«Только на плечах великого социального движения истинное искусство может подняться из своего состояния цивилизованного варварства на достойную его высоту».
«Только Революция может из своей глубины вызвать к жизни снова, но более прекрасным, благородным и всеобъемлющим то, что она вырвала у консервативного духа предшествовавшего культурного периода и что она поглотила».
«Только Революция, а не Реставрация может дать нам вновь величайшее произведение искусства».
Так говорит Рихард Вагнер[46].
Только Революция…
О каком же «народе» идет речь?
Ведь мы все — народ.
О народе, творящем Революцию».
Это пишется в годы, когда над молодым советским искусством тяготело тяжкое наследие футуристических, конструктивистских и прочих декадентских теорий.
Это пишется в годы, когда очень широкие слои русской художественной интеллигенции еще выжидательно относились к большевизму и старались сохранить свою внутреннюю обособленность, по крайней мере в вопросах художественной культуры.
Мысли Вахтангова были, для его среды настолько прогрессивны, реально-революционны, что когда эту свою запись «С художника спросится!..» он показал некоторым ученикам, то среди них нашлись «друзья», которые отговорили его широко опубликовывать это из боязни, «как бы кто не подумал, что он подлаживается к большевикам»…[47]
Эти зрелые мысли об исторической ответственности художника принадлежали человеку, прошедшему до конца весь путь интимно-психологического театра переживаний.

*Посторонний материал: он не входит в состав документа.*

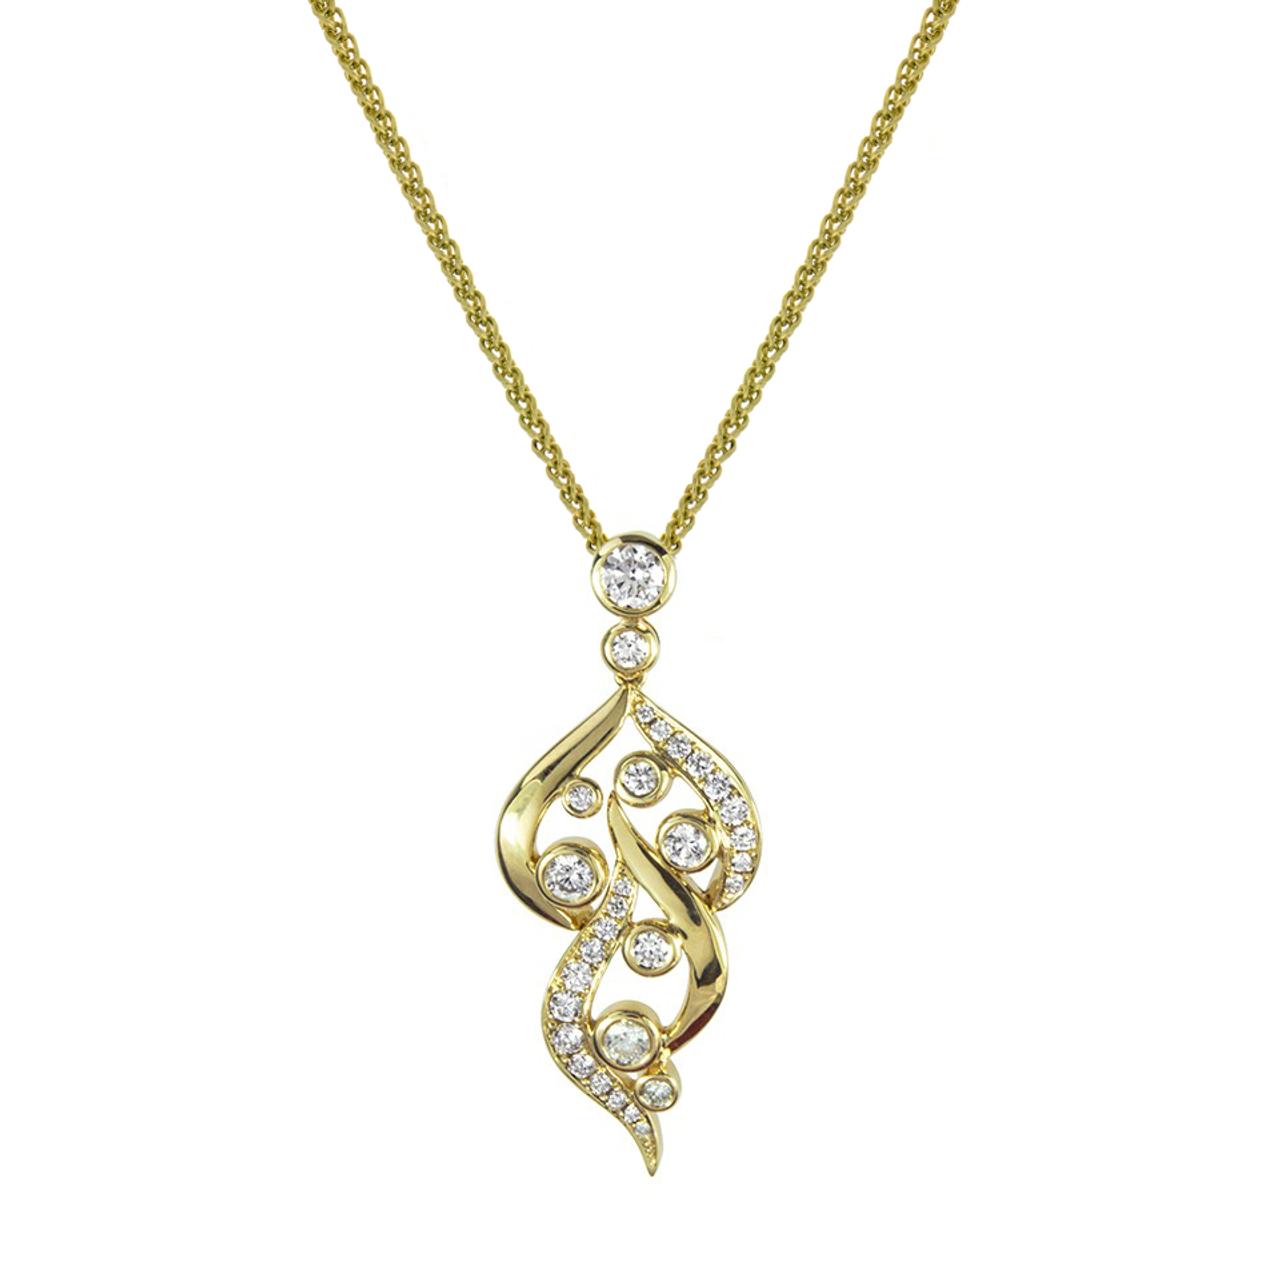 18ct Yellow Gold & Diamond Flame Pendant & Chain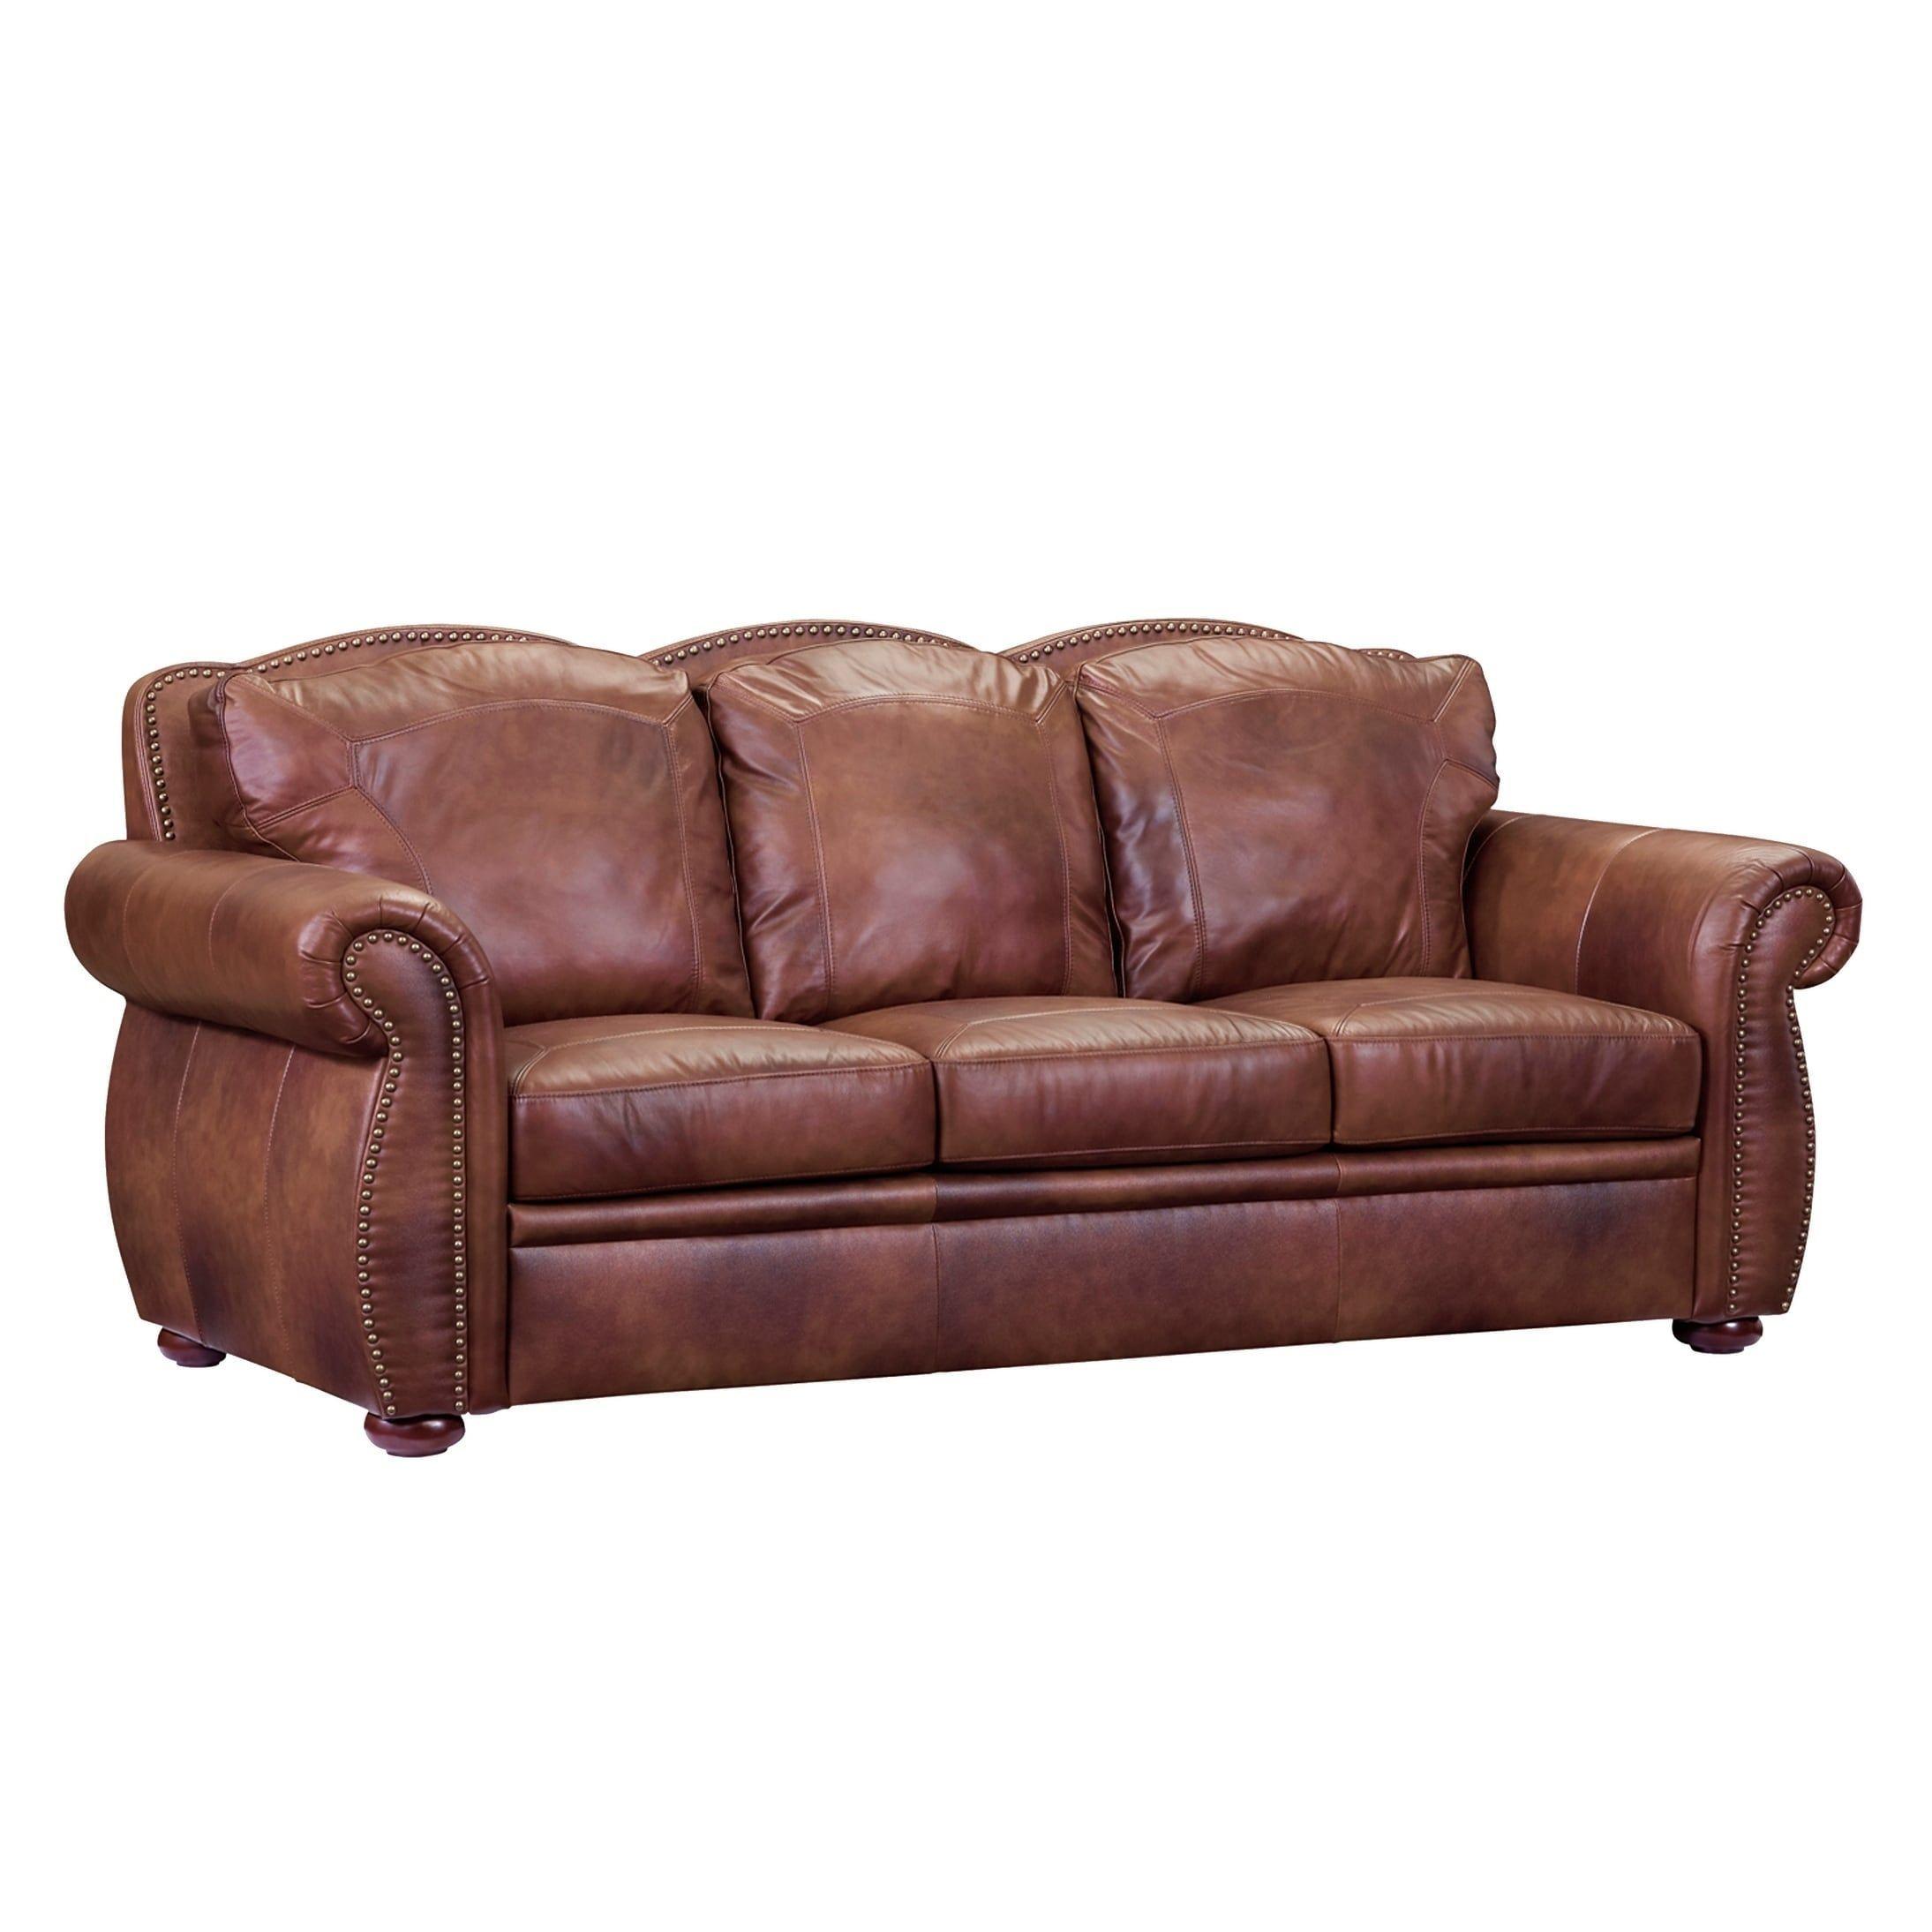 Oliver Pierce Casey Top Grain Italian Leather Sofa Brown

Казалось бы, Вахтангов органически сросся с этим театром и с кругом его идей, его мироощущением и ограниченными общественными интересами. Но нет, он взял из этого искусства только его лучшее — стремление к психологической правде, человечность, реализм, этические запросы — и смело пошел дальше, навстречу революции, навстречу народу. Шагнул с удесятеренными силами, раскрытыми и воодушевленными в художнике социалистической революцией. Отсюда и начинается формирование самостоятельных взглядов Вахтангова на театр, взглядов, в которых он, опережая современников, критически пересмотрел и преодолел многие влияния крупнейших по тому времени художественных направлений.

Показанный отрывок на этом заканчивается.